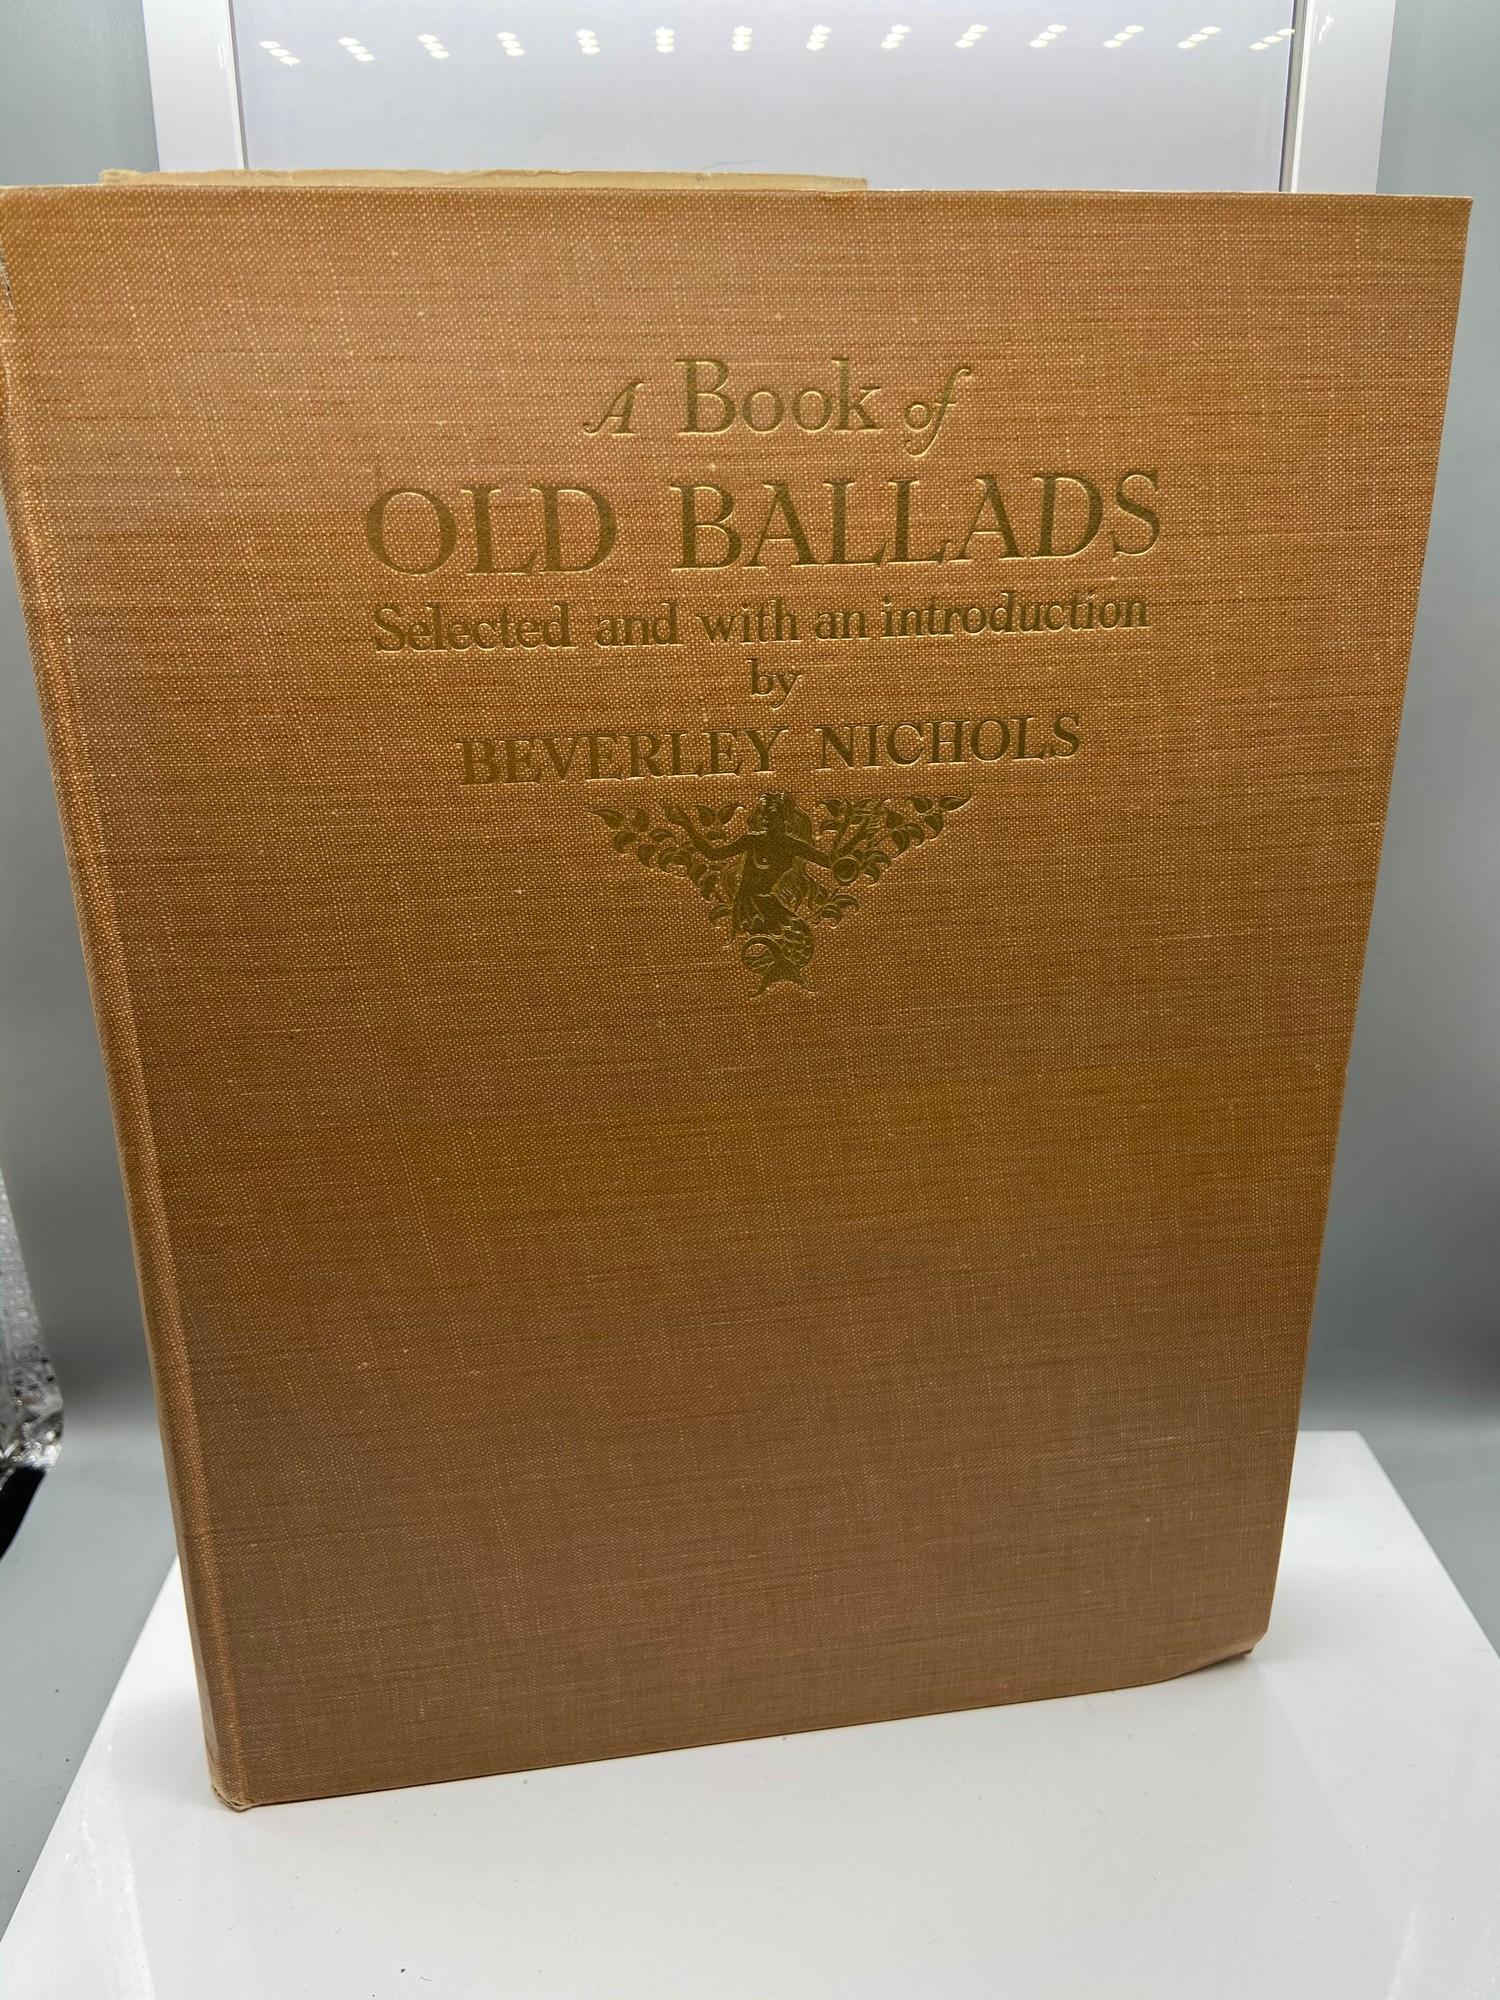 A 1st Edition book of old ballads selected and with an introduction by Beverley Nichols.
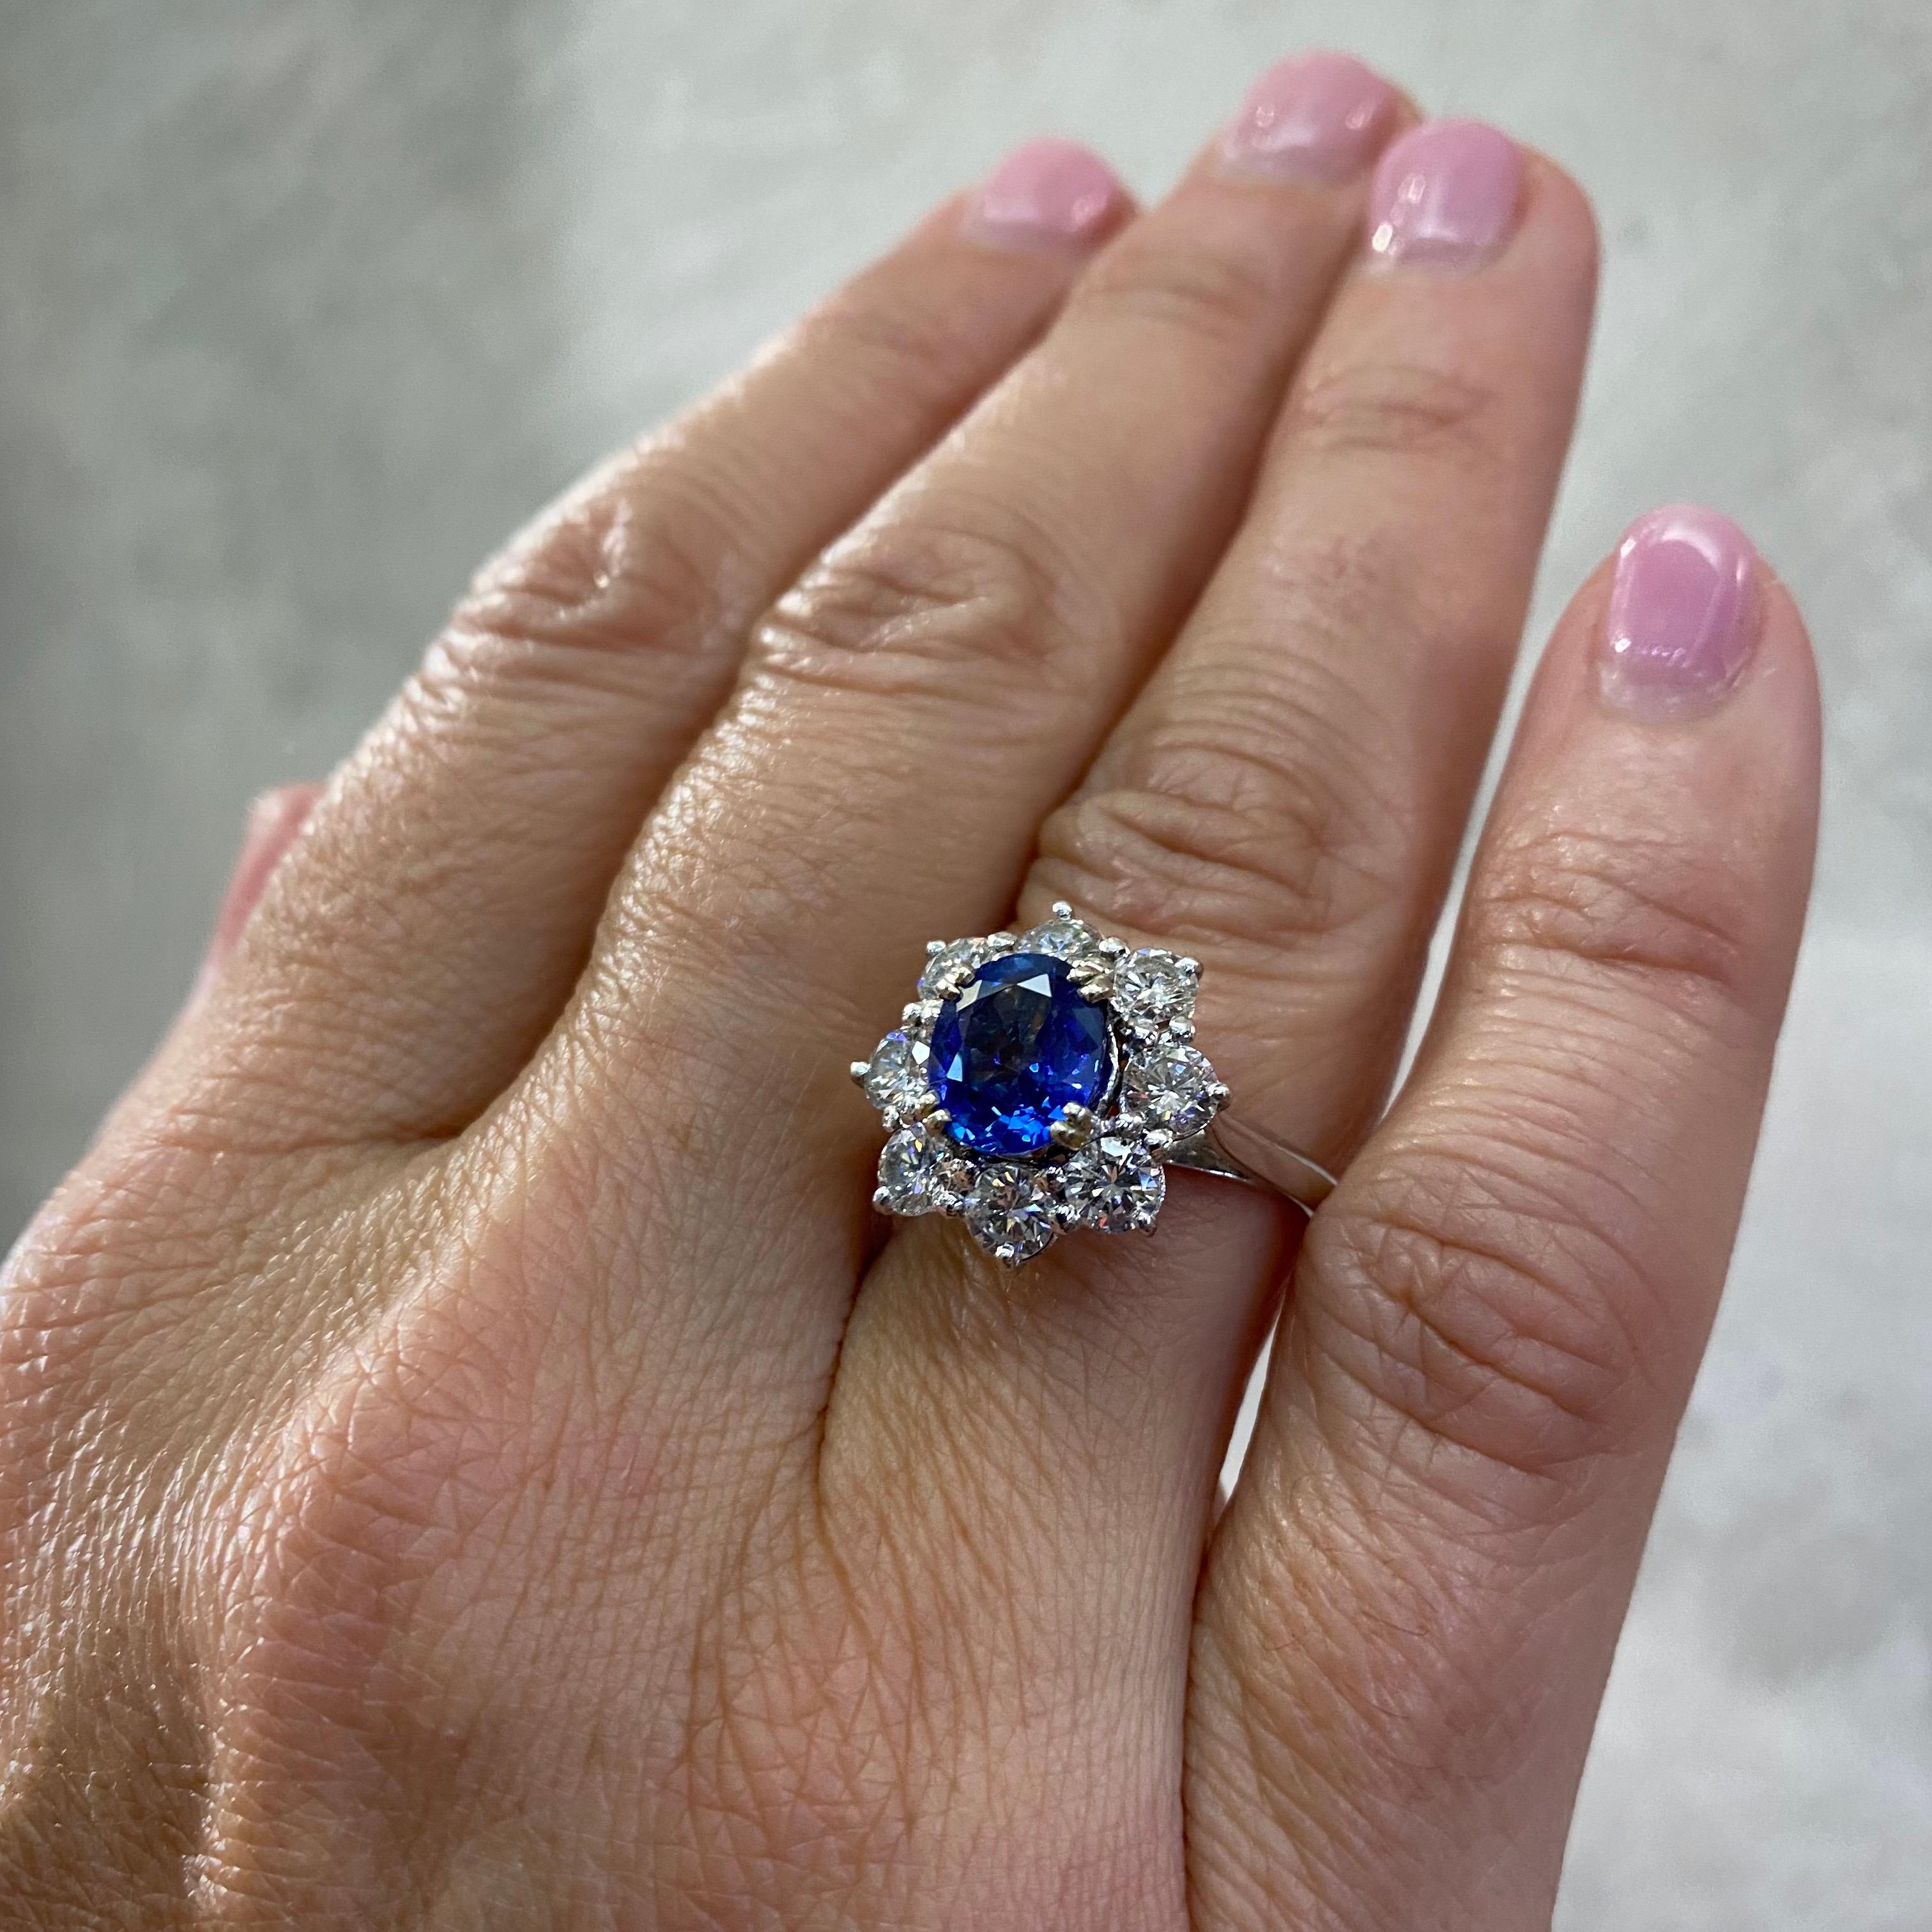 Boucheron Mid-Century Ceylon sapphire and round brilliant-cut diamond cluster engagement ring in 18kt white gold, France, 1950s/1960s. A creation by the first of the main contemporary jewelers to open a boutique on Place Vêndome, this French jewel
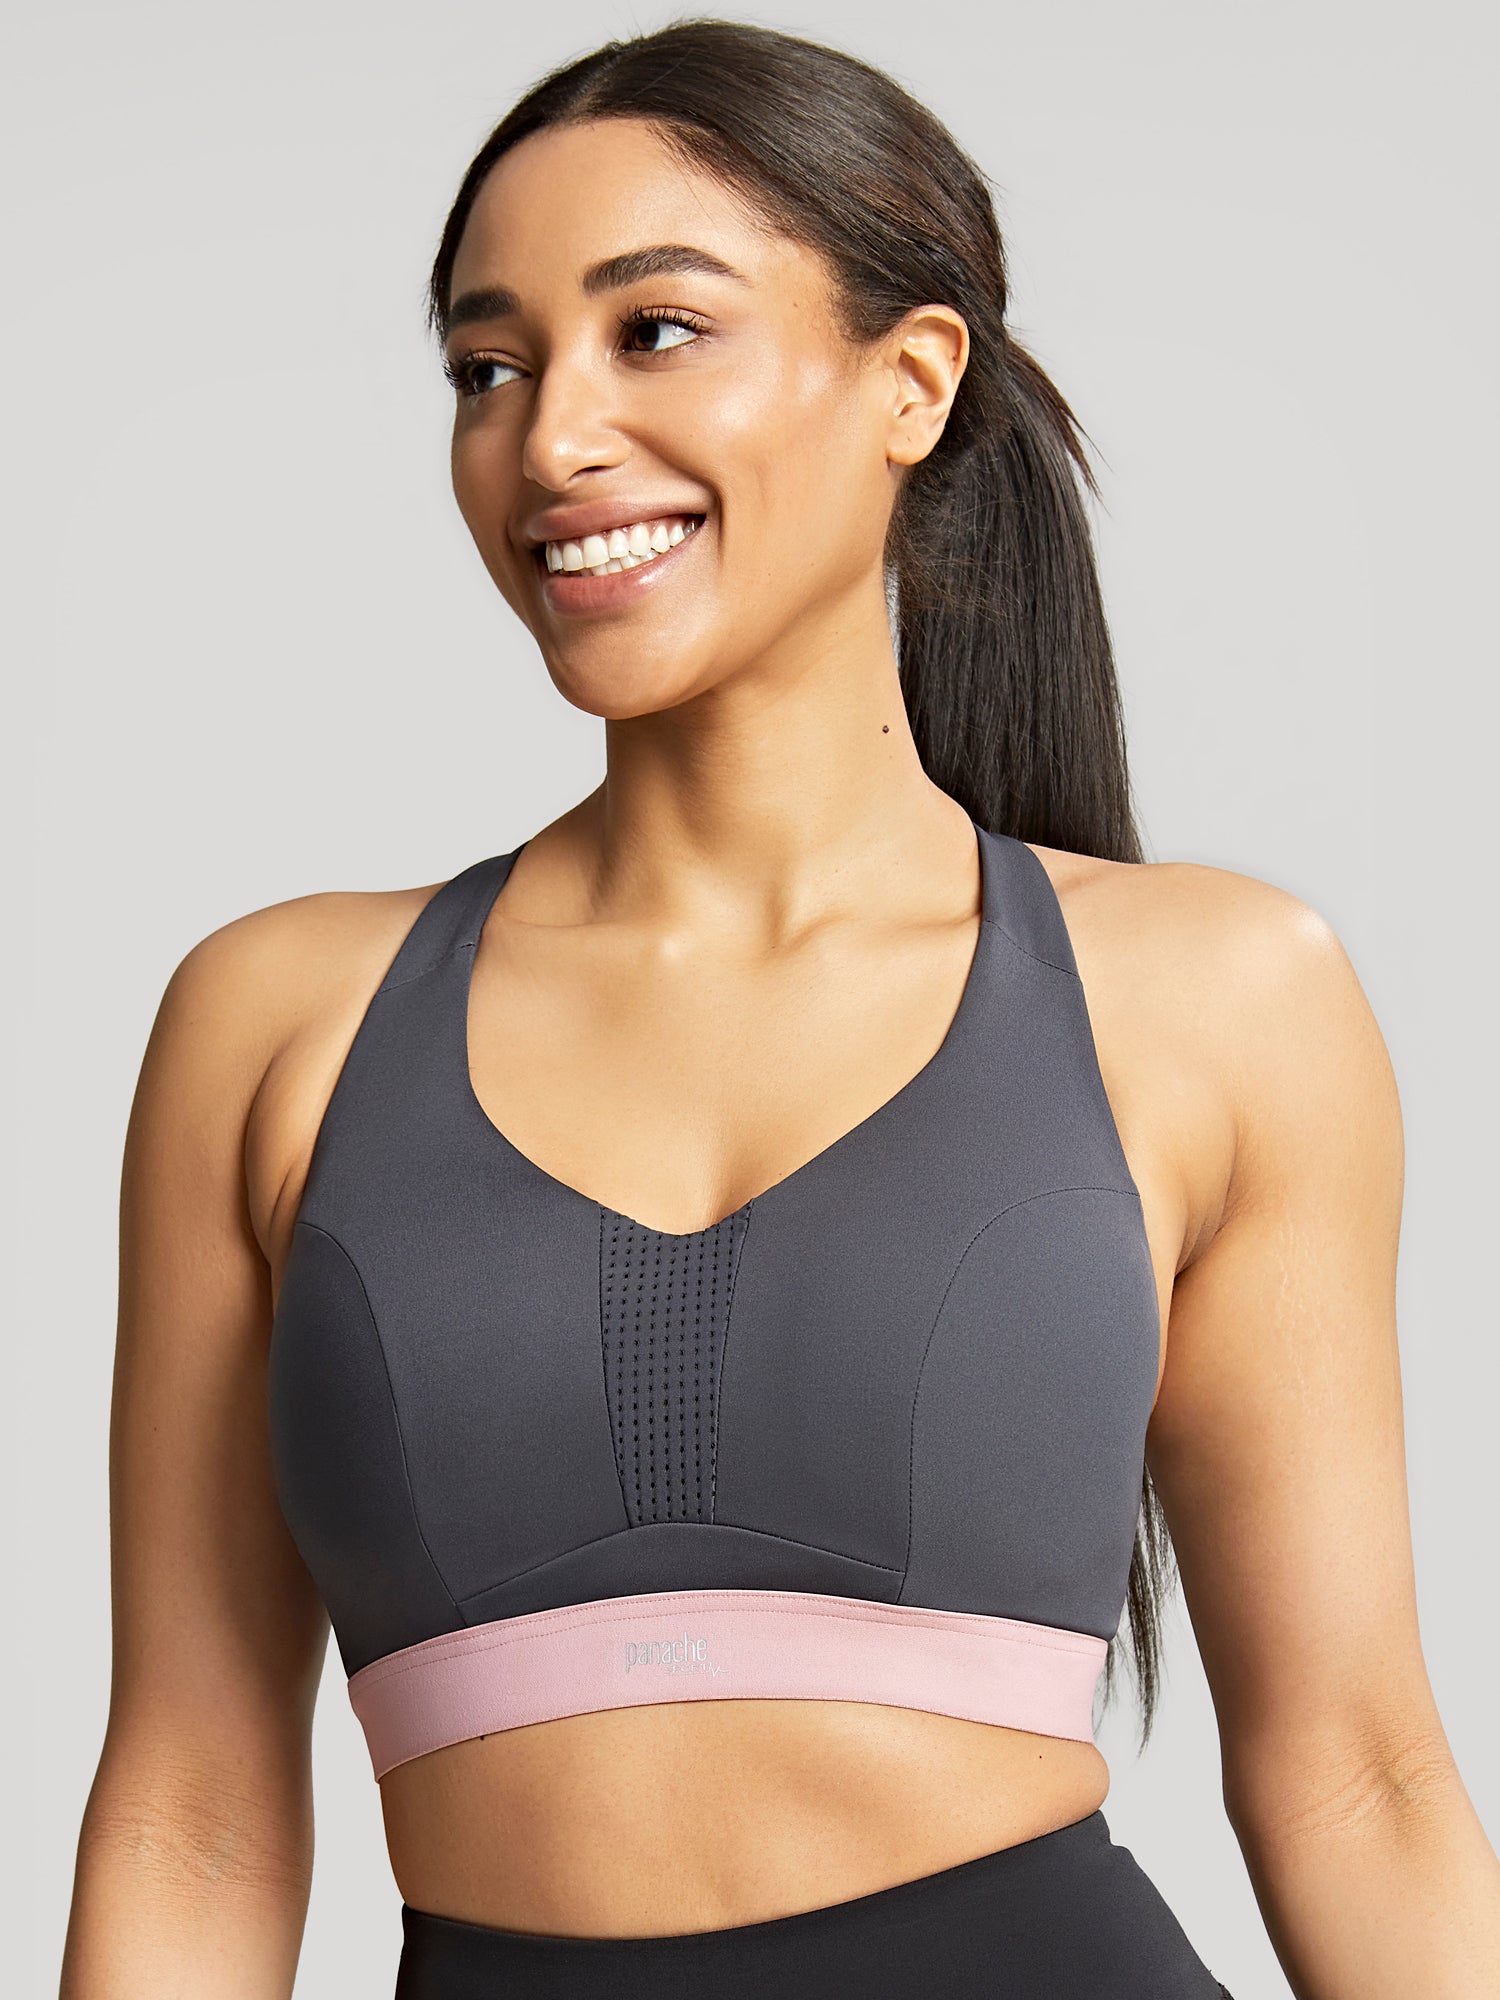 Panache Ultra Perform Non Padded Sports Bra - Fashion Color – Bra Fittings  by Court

------

Since the pictures are not wanted, give the material again exactly without them.

 A 1st Edition book of old ballads selected and with an introduction by Beverley Nichols.
 Boucheron Mid-Century Ceylon sapphire and round brilliant-cut diamond cluster engagement ring in 18kt white gold, France, 1950s/1960s. A creation by the first of the main contemporary jewelers to open a boutique on Place Vêndome, this French jewel
 Panache Ultra Perform Non Padded Sports Bra - Fashion Color – Bra Fittings  by Court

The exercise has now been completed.